Die Welt entdecken - und zwar auf zwei Rädern. Für Kinder beginnt dieses Abenteuer mit dem ersten eigenen Fahrrad. Plötzlich sind die Touren mit Mama und Papa nicht mehr auf den Spielplatz oder ein paar Straßen begrenzt. Mit dem Rad verändert sich etwas: Kinder fühlen sich größer, mutiger, unabhängiger.
Bevor es losgeht, braucht es allerdings das richtige Bike. Und das will gut gewählt sein. Denn Sicherheit, Handling und Verarbeitung spielen eine große Rolle - vor allem, wenn die kleinen Abenteurer nicht nur langsam durch die Gegend rollen, sondern richtig Gas geben wollen. Rahmen, Bremsen, Tretlager, Reifen: Alles muss sitzen.
Ein Kinderradleben ist rasant. Es scheint nur so an den Eltern vorbeizufliegen. Das erste unsichere Marschieren auf dem Laufrad, Stützräder für mehr Sicherheit, das unbändige Gefühl der Freiheit, sie loszusein, endlich eine Gangschaltung, die ganz neue Geschwindigkeiten ermöglicht - fast jährlich wechseln zu Beginn die Kinderräder. Bis zum Alter von etwa acht Jahren, die magische Marke für das erste Fahrrad, das länger bleibt. Drei oder vier Jahre können die Kinder dann fahren. Nur, welches dieser Modelle lohnt sich?
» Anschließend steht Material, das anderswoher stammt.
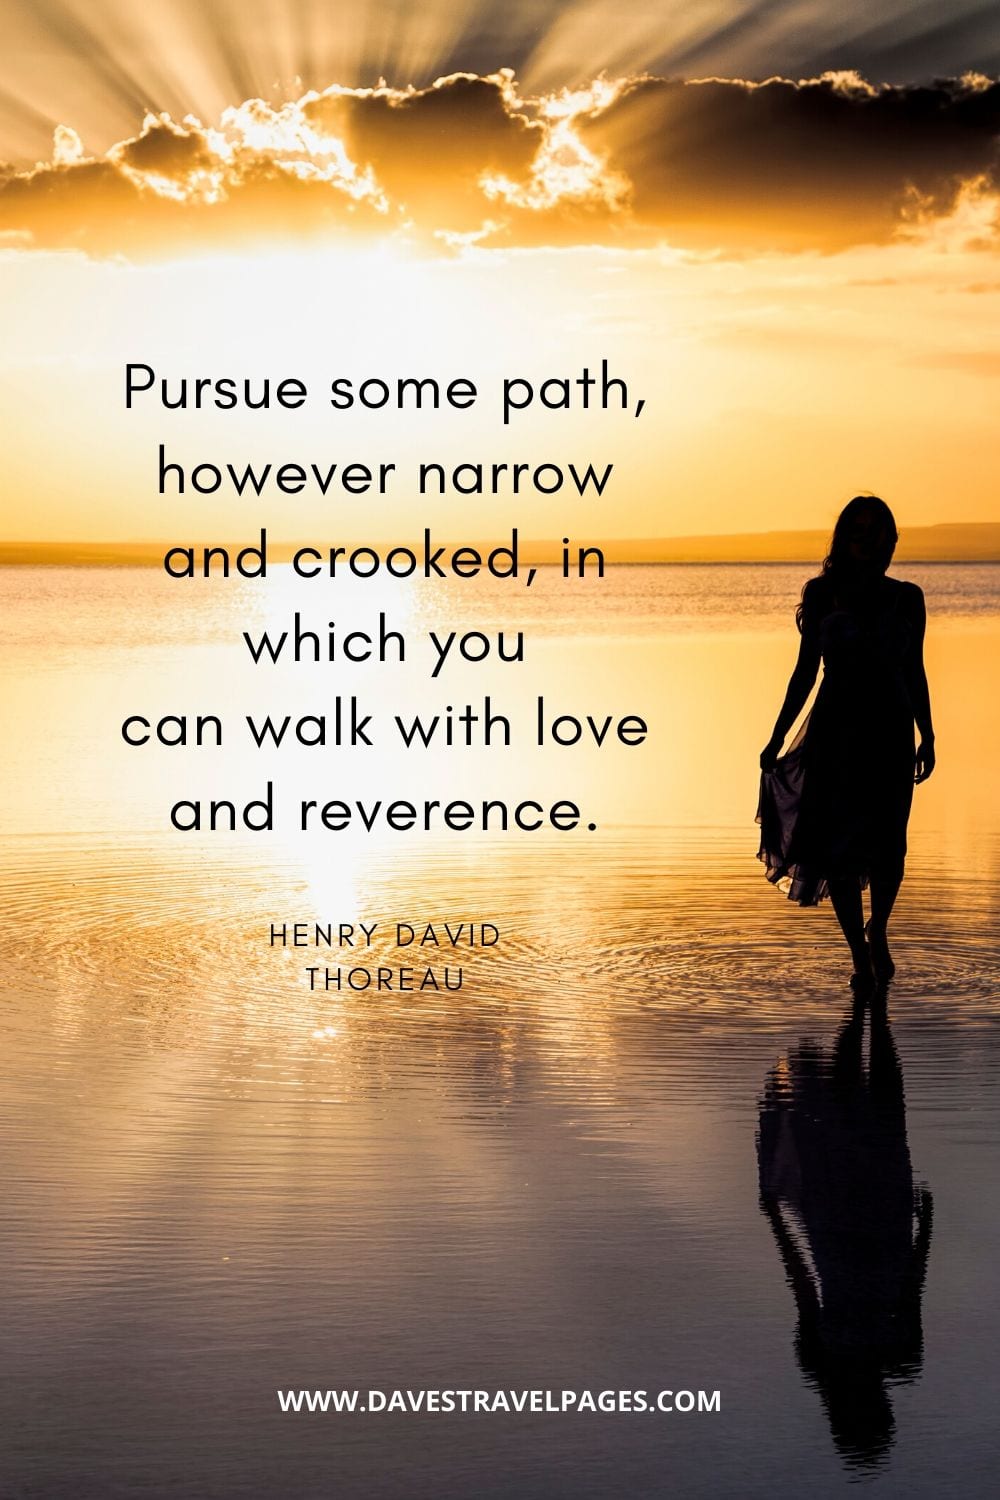 Pursue some path, however narrow and crooked, in which you can walk with love and reverence. - Henry david thoreau

Die richtige Fahrradgröße finden
Die richtige Fahrradgröße hängt, natürlich, vor allem von der Körpergröße ab. Die meisten Kinder lernen im Alter von drei bis vier Jahren Fahrradfahren, es gibt aber auch Frühstarter, die schon mit zweieinhalb aufs Fahrrad drängen. Für Kinder unter drei Jahren oder einer Körpergröße von unter 100 Zentimetern kommen in der Regel Fahrräder mit 12-Zoll- oder 14-Zoll-Reifen infrage.
Für die meisten Kinder sollte das erste »richtige« Fahrrad aber ein 16-Zoll-Fahrrad sein. Denn das können Kinder mindestens zwei, vielleicht sogar drei Jahre lang in etwa bis zur Einschulung nutzen.
So gelingt der Übergang vom Laufrad zum Kinderfahrrad
Radfahren lernen beginnt lange vor der Anschaffung ersten Kinderfahrrads. Sind die Kleinen erst richtig fit auf dem Laufrad, ist der Sprung aufs Kinderfahrrad meist schnell geschafft. Viele Kids schaffen es bereits nach wenigen Tagen, selbstständig auf dem Fahrrad zu fahren.
Auf Stützräder kann und sollte man da getrost verzichten. Denn Stützräder verhindern eher, das Gleichgewicht zu halten und sorgen vielmehr für eine trügerische Sicherheit. So empfiehlt auch der Allgemeine Deutsche Fahrrad-Club ADFC: Lieber etwas länger mit den ersten Fahrversuchen auf einem Zweirad warten. Denn eine der größten Herausforderungen beim Fahrradfahren ist für Kinder das Erlernen des Gleichgewichtshaltens.
Am besten auf einem Platz, einer Straße oder einem Weg ohne Verkehr. Bei alldem ist eines essenziell: Lassen Sie Ihrem Kind die nötige Zeit.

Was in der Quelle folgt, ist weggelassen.